My assessment (not that anyone cares) is if you take Byrne's account and remove the self-aggrandized bits and his weakness for affinity-bias, you get a VERY compelling picture of what likely happened. In short, Trump put too much faith into a clearly feeble Rudy (who wasn't cut out for the job, and frankly looked on TV to be only few years behind Biden on the Pathway to "huh?") and an incompetent set of bureaucrats. Byrne's account is VERY accurate for those of us who've seen good and bad "war room" types of operations. His observation about law firm management is spot-on.
I doubt very much the "look at how badazz I am" dimension of his Thanksgiving Day dressing down of the Mediocrity though he strikes me as the type of guy who likely gave the Mediocrity a piece of his mind.
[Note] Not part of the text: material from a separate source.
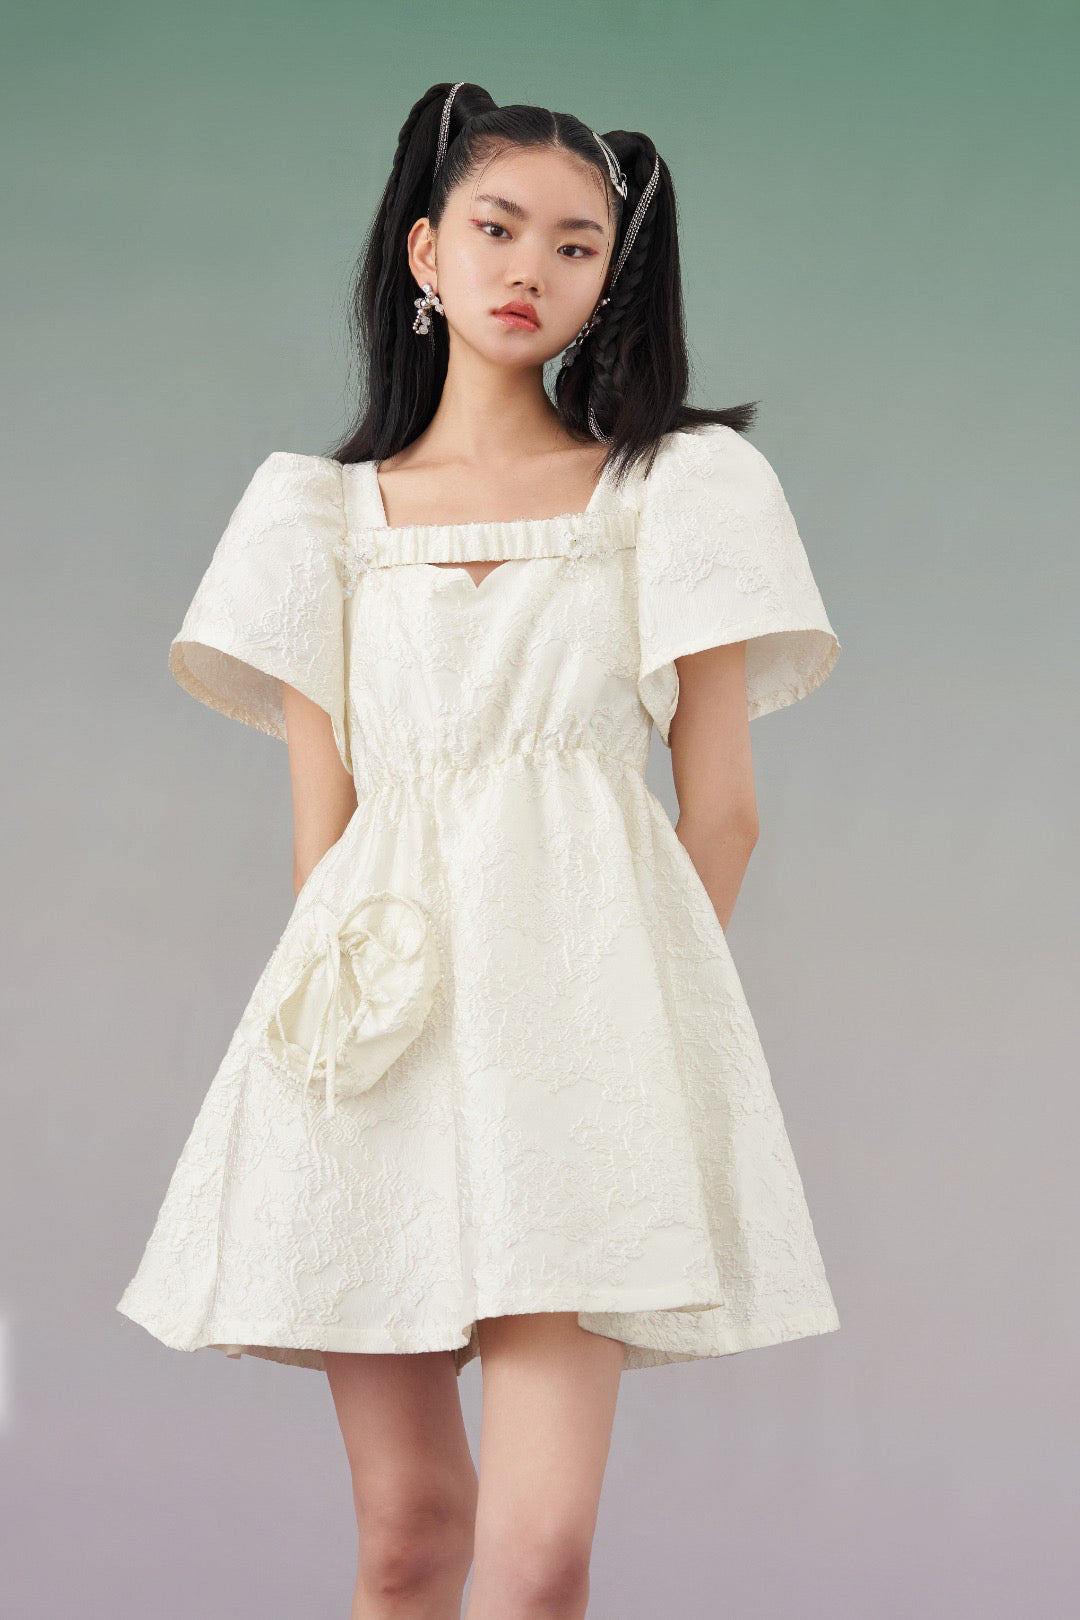 Mukzin | Jacquard Cut-Out White Dress - Seeking Fairyland

It's also very likely that Powell and Byrne share a similar mindset and that affinity-bias likely clouds any related objectivity in his accounting.
But these are details. The incompetence detailed in this account rings very true. Yes, the law breakers are the guilty parties. They had the upper hand, and clearly also had many tentacles. But three teams beat the Pats in the Super Bowl over the years...an outstanding defense with bright people hungry for truth may have made a difference. Sadly, it seems same part of the President's brain that gave us Sessions likely gave us Rudy.
And, swilling in the background, is the erstwhile Royal Couple who got $100 million for the “stop the steal”, but then did not release a penny - who sabotaged DJT with bad advise on hires (like Sessions and Rex) only a Democrat or Deep Stater would love. The incompetence was the end goal for those two NY Dems ...
This-—with all your qualifications, which are accurate-—speaks to Trump’s greatest weakness as president, his personnel selection.
I’m a little surprised, but it suggests he ran the Trump org with one right-hand man and the kids. His picks at AG, SecState, FBI, CIA, Chief of Staff, NSA, and White House spokesman (til Sanders and McElenny (sp) were flat horrible. Pompeo was great, but he had to go through Tillerson first. Barrstool was as bad, if not worse than Sessions-—with the exception that they really did a great deal on child trafficking. De Vos was ok, Zincke and Ross were great, but SecDefs were bad. Omarosa was a joke. He shouldn’t have kept Ronna McDaniel the first time, let alone the second.
You wonder how he achieved so much in private business without being able to read people better.
Some of it is explainable by wanting to rally Republicans behind him; maybe some is that he thought they’d see how quickly he was succeeding and pitch in for America. Maybe he couldn’t afford to put someone like Cruz in a key position (maybe Cruz didn’t want it) and maybe some senators were afraid of costing Rs the majority. But whatever the explanation, the jury is still out on the USSC justices and the “must have” control positions in gubment were for the most part bad choices.